Noah is an unincorporated community in Coffee County, Tennessee. In 1887 it was described as being 8.5 mi north of the county seat of Manchester and having a population between 50 and 100. Noah is believed to be the first settlement in Coffee County, having been settled on the Noah Fork of the Duck River about 1800 by the Patton Brothers, John, Daniel, and Neely.

Between 1830 and 1840 Jonathan Webster built a corn-mill on Noah Fork. In the 1880s minor industries in Noah included Samuel Brantley's saw and grist mill and the Beckman Bros.' flour and grist-mill. From the 1870s to 1902 the Farrar Distillery operated on the Thomas Farm, selling apple brandy and peach brandy, along with corn whiskey. The Farrar Distillery ceased operation in 1902 after being damaged by flooding.

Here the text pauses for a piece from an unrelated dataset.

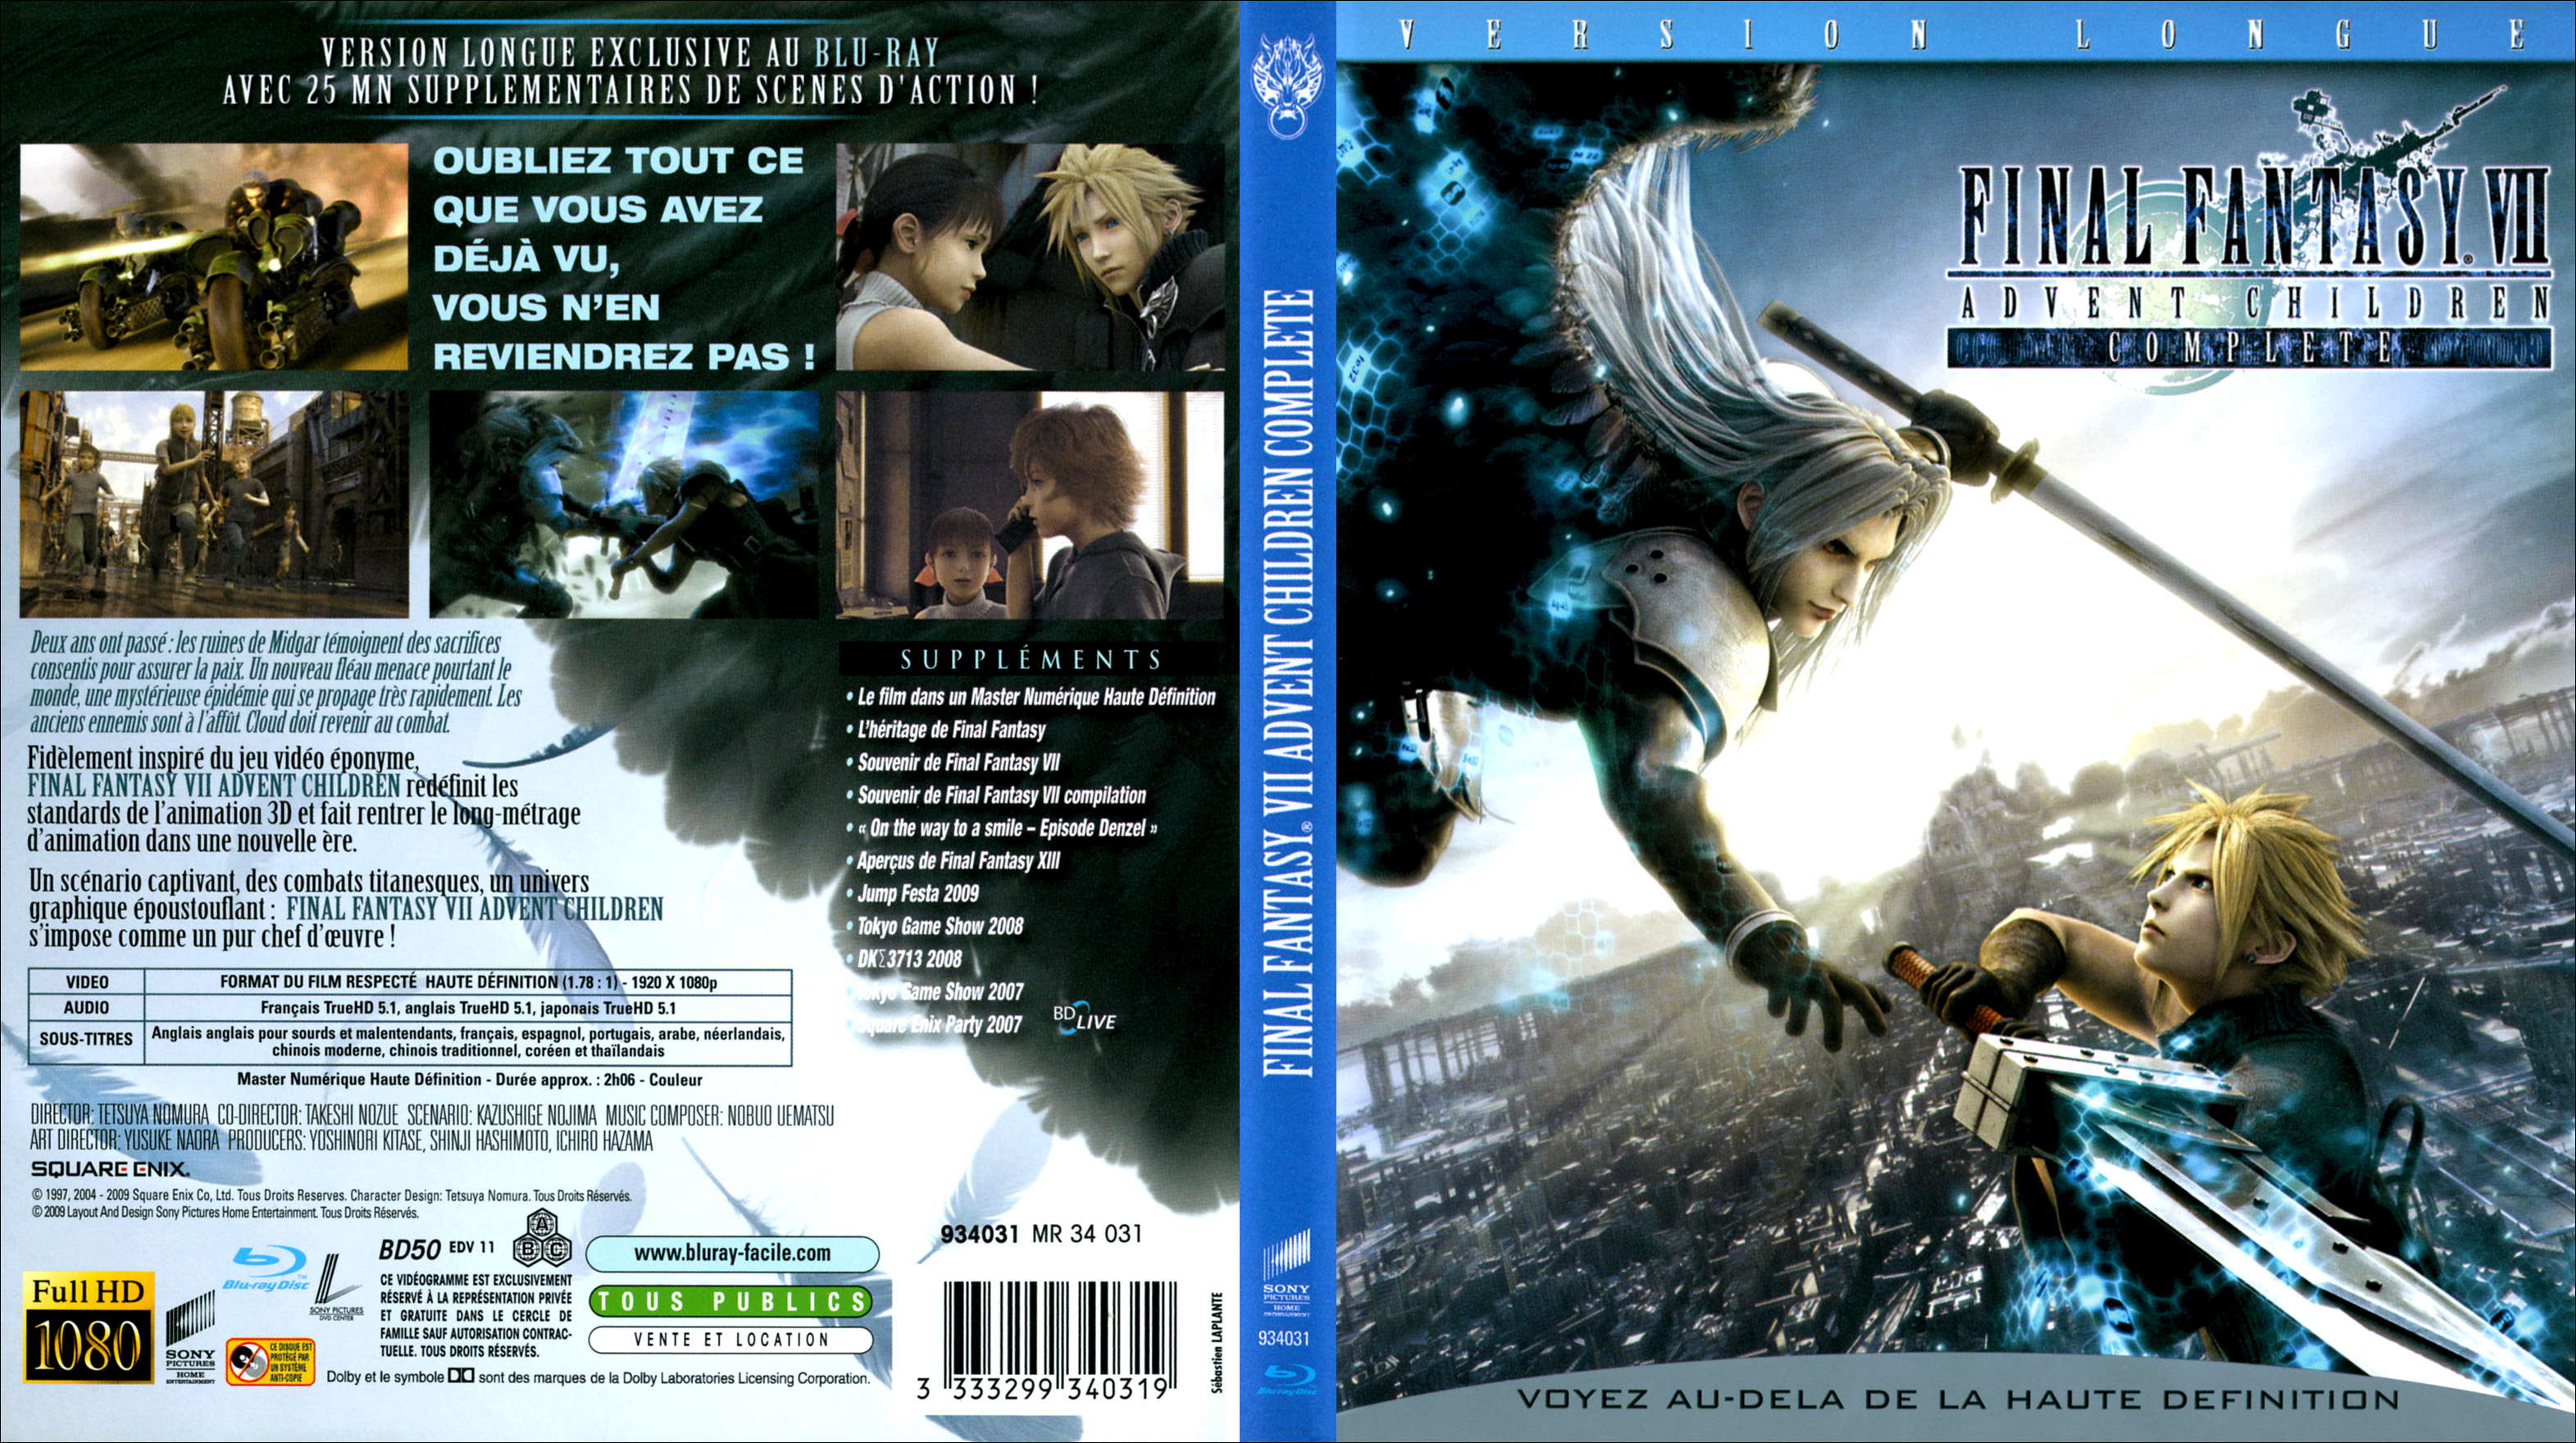 Jaquette DVD Final fantasy VII Advent children (BLU-RAY)

The first post office opened in Noah on May 2, 1836, and closed on June 26, 1845. A second post office was established on June 23, 1880, but closed on May 15, 1905.

One of the oldest churches in Noah is the Noah’s Fork Baptist Church, erected between 1830 and 1840. The church was destroyed by fire in 1924, but was rebuilt shortly thereafter. Other churches in Noah during the 19th century include Noah Fork Separate Baptist and Noah Methodist Episcopal South.